A three-year-old Spanish boy who attended our emergency department for a pruriginous and painful skin lesion on the thenar eminence of four days’ evolution. Two days earlier, his primary care paediatrician had punctured and evacuated the purulent content, alleviating the pain, but without improvement of the lesion.
His mother reported similar lesions in the same location every six to eight months for two years, without finding a clear cause, except on the first occasion, which appeared following an accidental wound in the park. On previous occasions, the lesions had improved with topical fusidic acid. There was no other medical or surgical history of interest or similar lesions in other family members, and they denied recent use of oral or topical treatments.

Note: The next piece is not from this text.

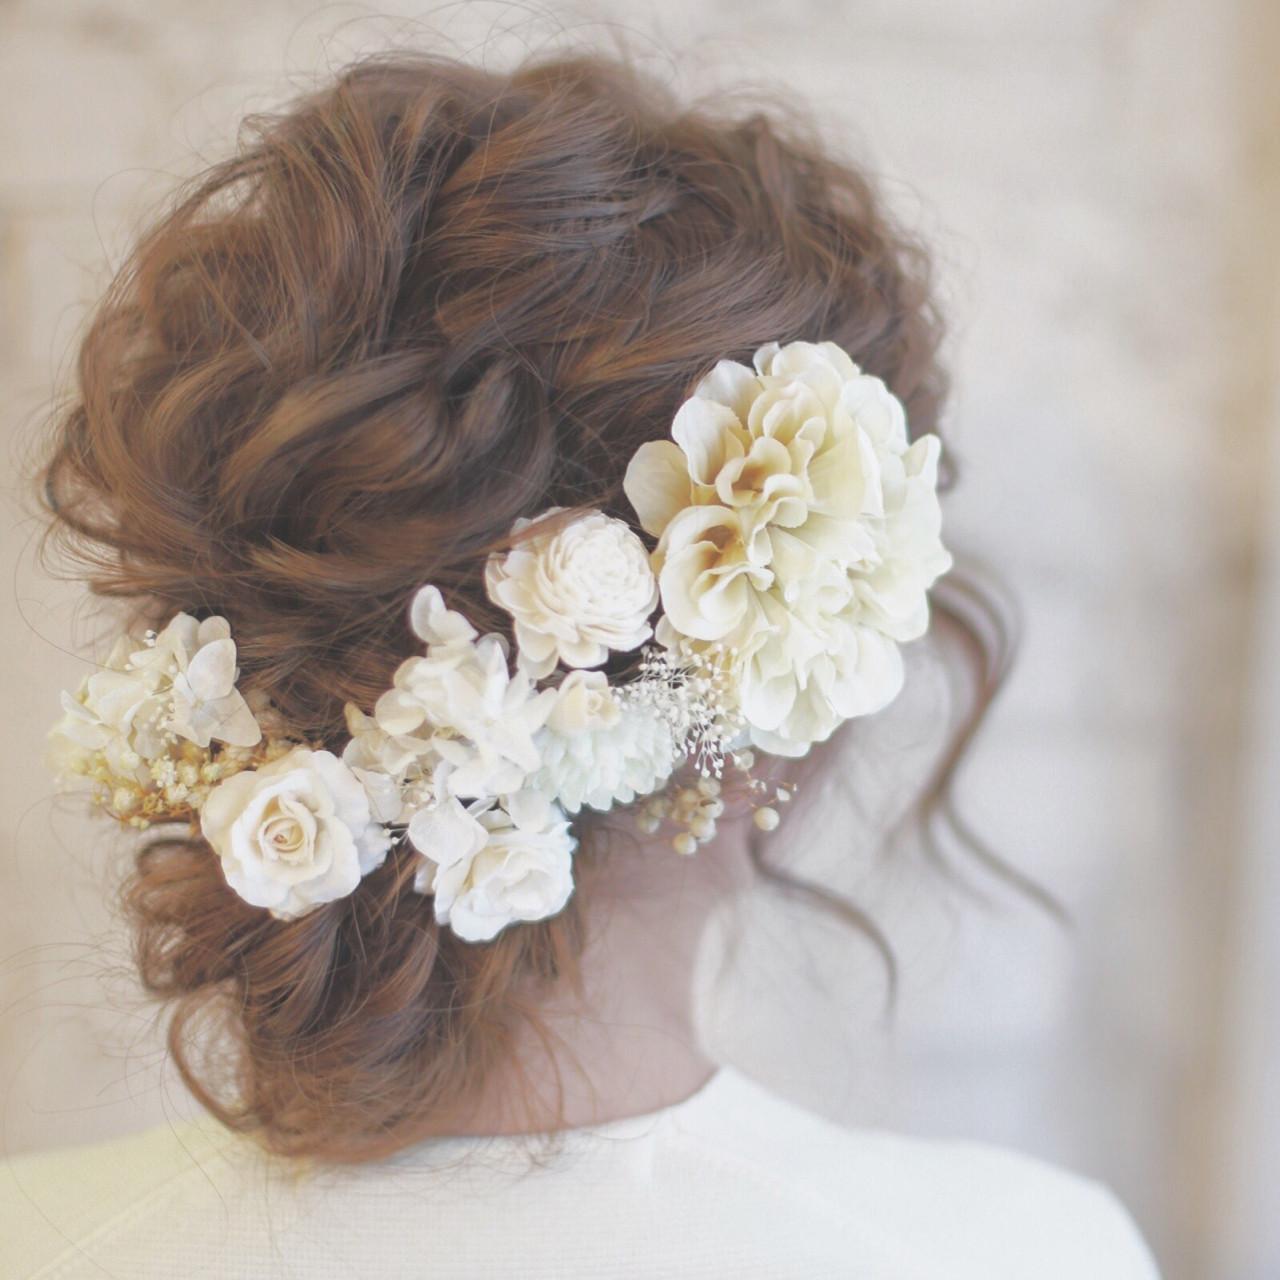 ロング 花 ヘアアレンジ 結婚式 ヘアスタイルや髪型の写真・画像

In the physical examination, along with excellent general health, the patient presented a clearly-delimited, 4-cm purplish erythematous plaque with granulation tissue in its interior on the right thenar eminence (Fig. 1). He also presented right axillary lymphadenopathy, but not in other locations. No phlebitis, lymphangitis or other skin lesions.
The mother was then interviewed and showed images of the lesion’s evolution: starting as mild erythema (Fig. 2) and evolving to vesiculous lesions and crusts (Fig. 3). Exudate samples were taken for bacterial culture and viral detection with polymerase chain reaction (PCR) for herpes simplex virus (HSV).

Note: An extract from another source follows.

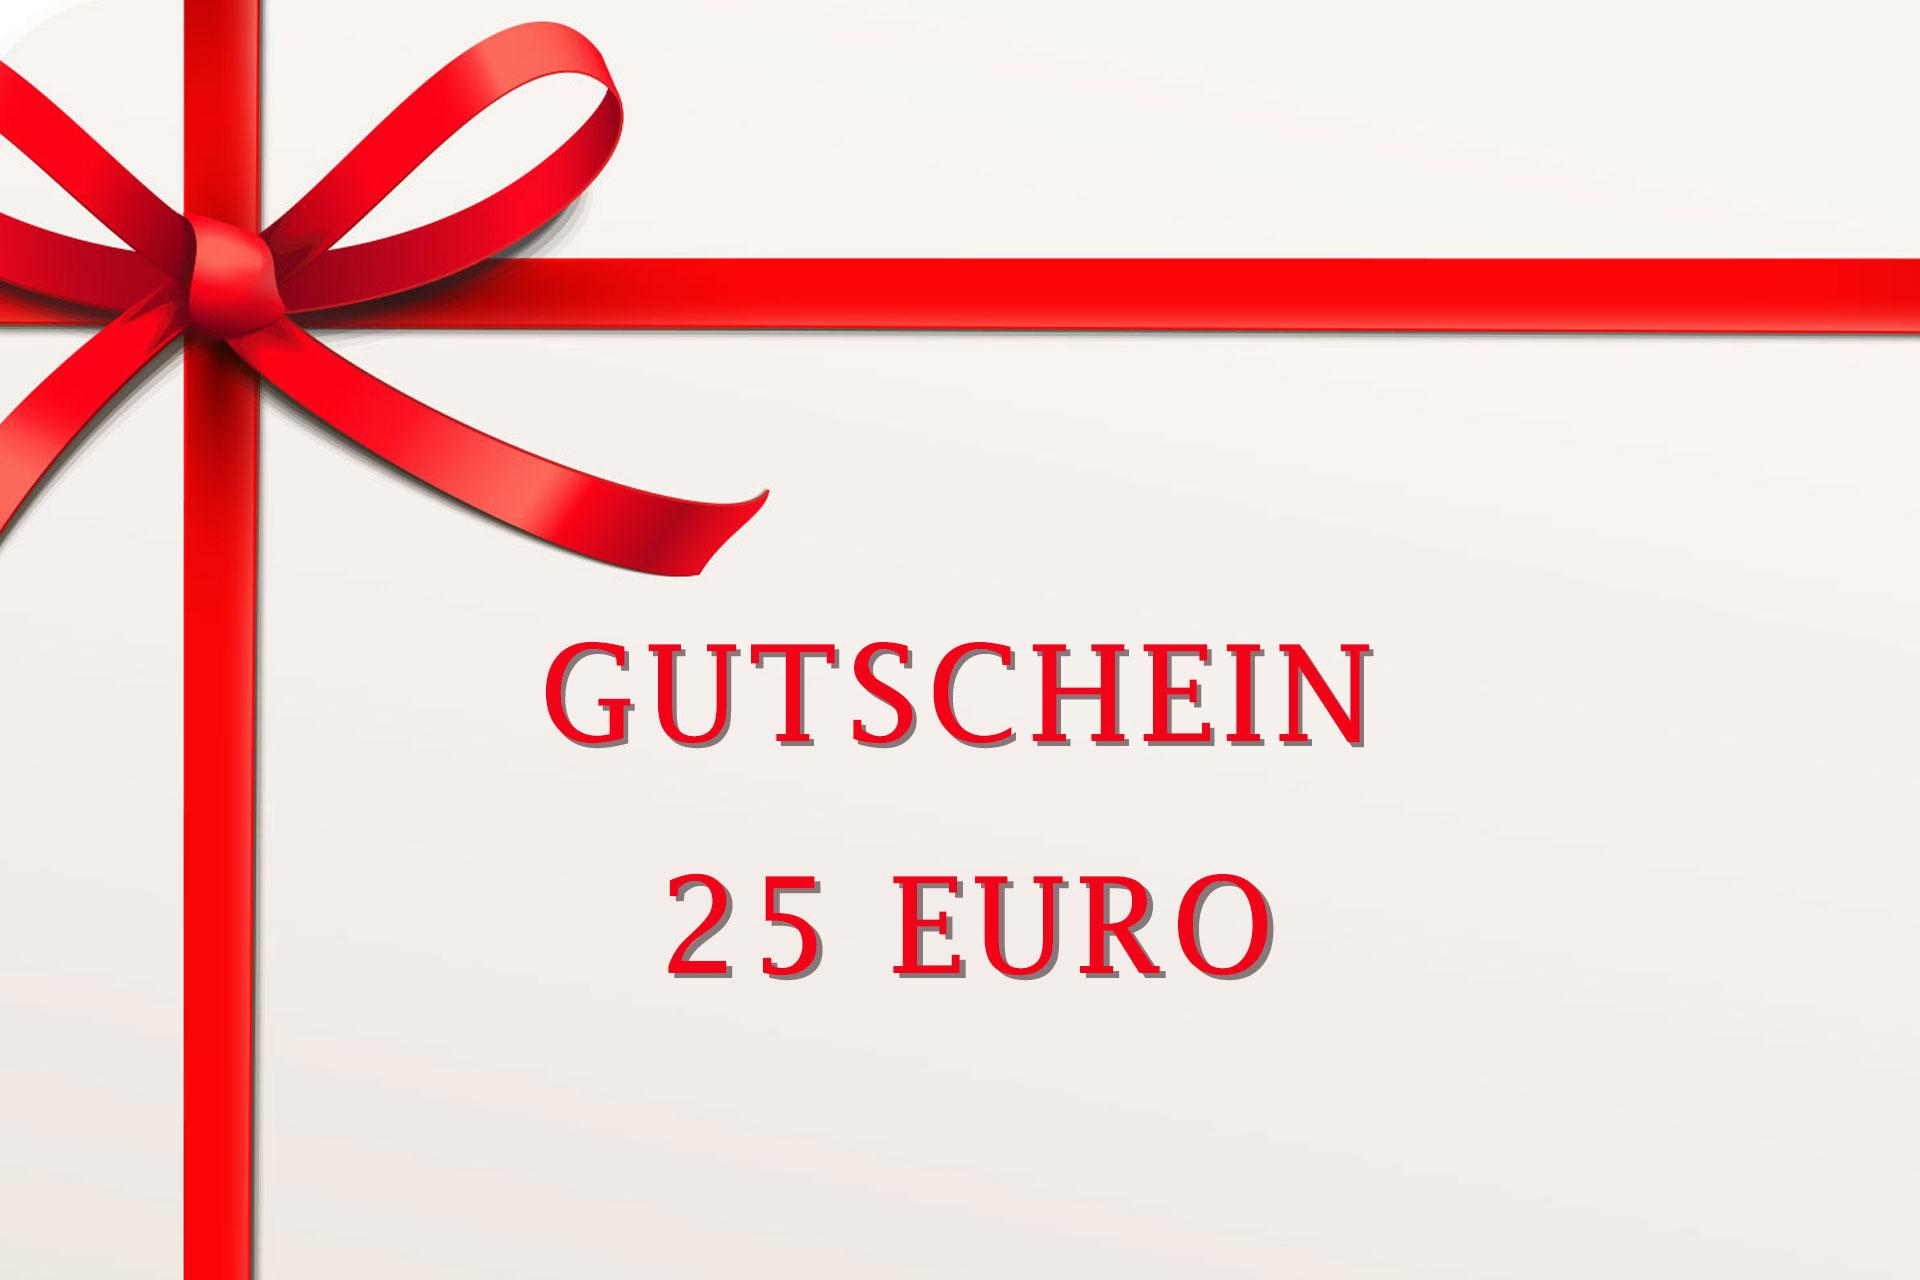 About You 25 Gutschein

Clinical courseThe bacterial culture was sterile, while the PCR was positive for HSV type 1, for which oral aciclovir was started. In follow-up, the skin recovered ad integrum.
CommentsHSV infection is one of the most prevalent in the world. Usually, HSV infections in immunocompetent patients present as painful and pruriginous skin lesions in the form of groups of blisters on an erythematous base, and are self-limiting in time. In spite of their self-limiting nature, HSV-1 can cause recurrent lesions in immunocompetent children, usually in an oral or perioral location (herpes labialis)1. It also manifests as recurrent lesions on the fingers (herpetic whitlow), usually following primary gingivostomatitis (autoinoculation). Intrafamilial transmission from family members with herpes labialis has also been described. Palmar involvement has been described on rare occasions2.
More developed herpetic lesions can mimic other aetiologies and be difficult to diagnose. An exhaustive patient history and good physical examination are therefore necessary. In this case, fixed drug eruption, bacterial infection and dermatitis artefacta, among others, were considered as alternatives in the differential diagnosis. Given its prevalence, it is very important to consider a possible herpetic aetiology and, where possible, ask for images of the lesion’s evolution, which may be very illuminating.
FundingCDG has funding from the Spanish Ministry of Science and Innovation Instituto de Salud Carlos III [Carlos III Health Institute] and the European Regional Development Fund (Río Hortega Contract CM19/00015).
Please cite this article as: Liquete Marín L, Grasa Lozano C. Lesión recurrente palmar. Enferm Infecc Microbiol Clin. 2021;39:473–474.